All these factors perhaps can explain not only the low impact of COVID-19 in India compared to the West, but also in our neighbors such as Bangladesh, Pakistan, and Sri Lanka, and other Asian and African countries. Even the impact of the “first wave” was one-tenth in our country vis-a-vis the West. Moreover, as brought out in population-based surveys for immunoglobulin G (IgG) antibodies against COVID-19, the first wave in our country has conferred some proportion of our population immunity against the novel virus. The results of the third serosurvey also indicate that restrictive measures to control the virus do not work as evidenced by widespread IgG positivity in the country. It also tentatively refines the infection fatality rate to 0.05% given 21% or 30 crores in India having encountered the virus with cumulative fatality of around 1.5 lakhs.
Going by this evidence coupled with the fact that even the impact of the first wave in our country was much low compared to the West, there is no reason why we should expect a second wave. It would be wasteful use of resources to go for mass scale population vaccination in our country.
Like a good military strategist using firepower judiciously, we can afford to wait and watch conserving our resources. We can launch “surgical strikes” with the vaccine once our intelligence (monitoring and surveillance) indicates any regional spikes resorting to “containment by ring vaccination” instead of “containment by physical barriers.”
Mass vaccination is only justified when a disease has high lethality and poses a public health problem. Policymakers need to give a hard look and decide whether the infection fatality rate of 0.05% from the novel coronavirus justifies the disproportionate allocation of resources to eradicate it. It will divert resources from other more important public health problems in our country. Large-scale vaccinations in resource-crunched countries can have other hazards. There have been epidemics of hepatitis C following mass injections as a disease control government policy on the advice of the WHO in Egypt.

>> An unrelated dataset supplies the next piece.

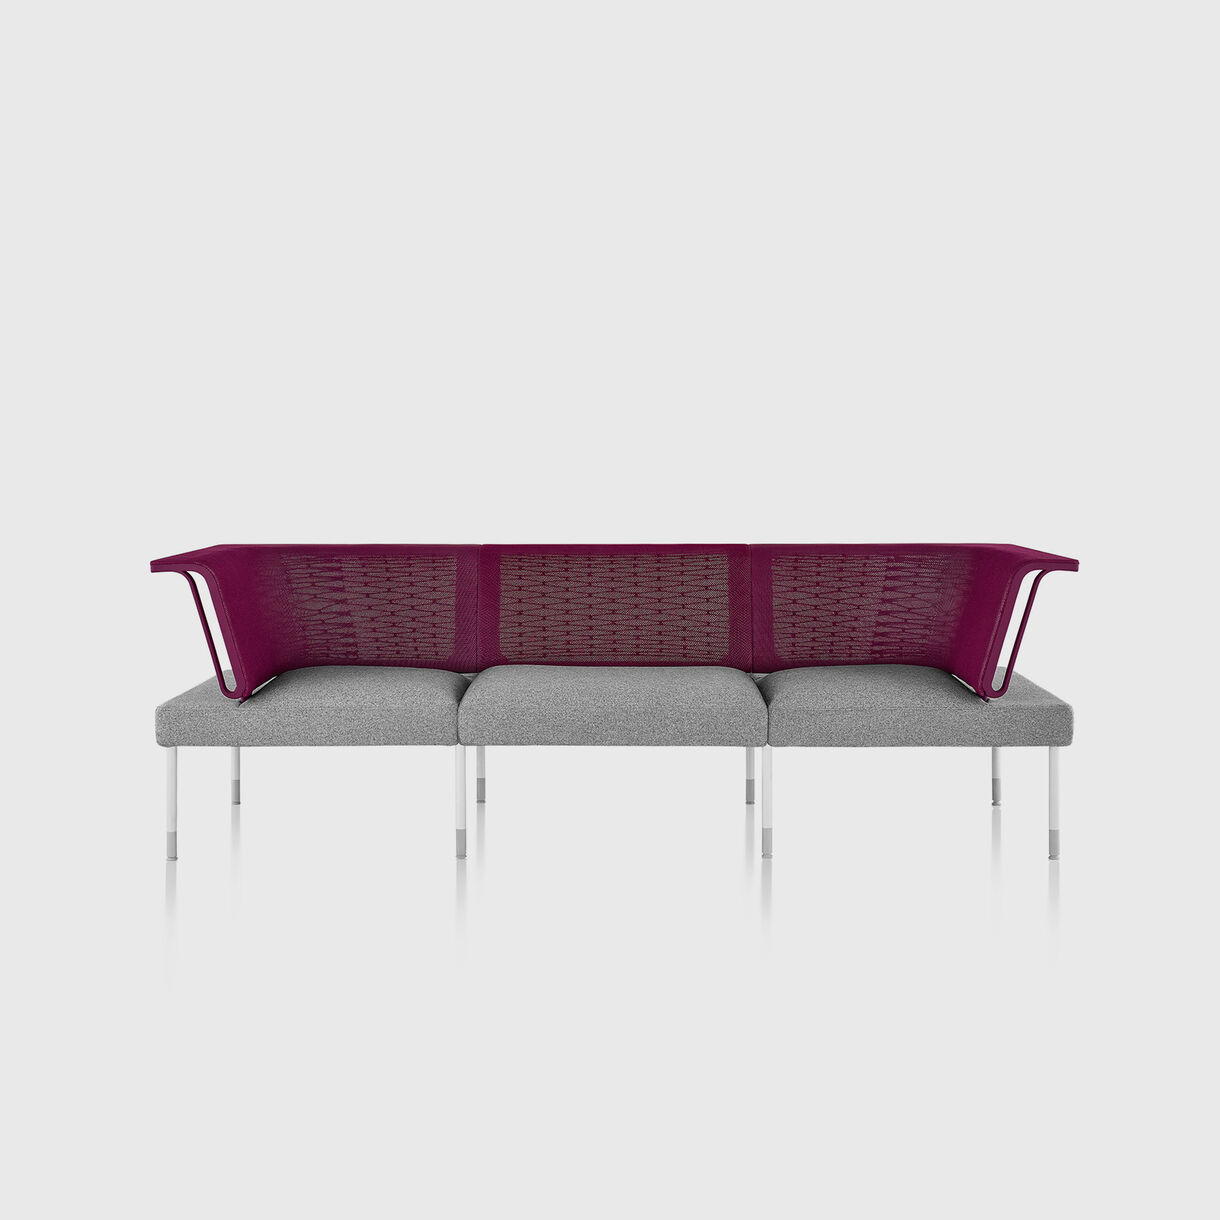 Public Office Sectional Seating, Lifestyle

The present strategy should be to roll out vaccination in a phased and cautious manner rather than on a campaign mode. Initially, health-care workers, frontline workers, people with comorbidities, and the elderly can be offered vaccine on a voluntary basis and not by propaganda or coercion. A state government has threatened salary cut for refusal to get vaccinated. Those who refuse vaccines should not be threatened, ridiculed, or shamed. Such measures backfire in the long run and lead to polarization. Instead, people with “vaccine hesitancy” can be convinced by hard data with the nonacceptors acting as “controls” to evaluate the efficacy and safety of the emerging vaccines which have hit the ground running and still need hard data to establish their efficacy at population level.
Finally, do we go for a win or a draw? History of medicine does have any account of eradication of any disease in such a short period as is being attempted for COVID-19. Like in chess, it is very difficult to win a won game as exemplified by aborted attempt at malaria eradication in the seventies, and our protracted fight against the poliovirus for years in spite of an easily administered and effective vaccine. The efficacy of vaccines is also mired in uncertainty. The Bacillus Calmette–Guérin vaccine against tuberculosis being administered for years has hardly any impact on the prevention of tuberculosis in our country.
Given these gray areas, it would be more realistic to opt for a draw and learn to live with COVID-19. Once we take care of the vulnerable and the elderly as with other respiratory infections such as influenza, the novel coronavirus should cease to be a public health problem in India.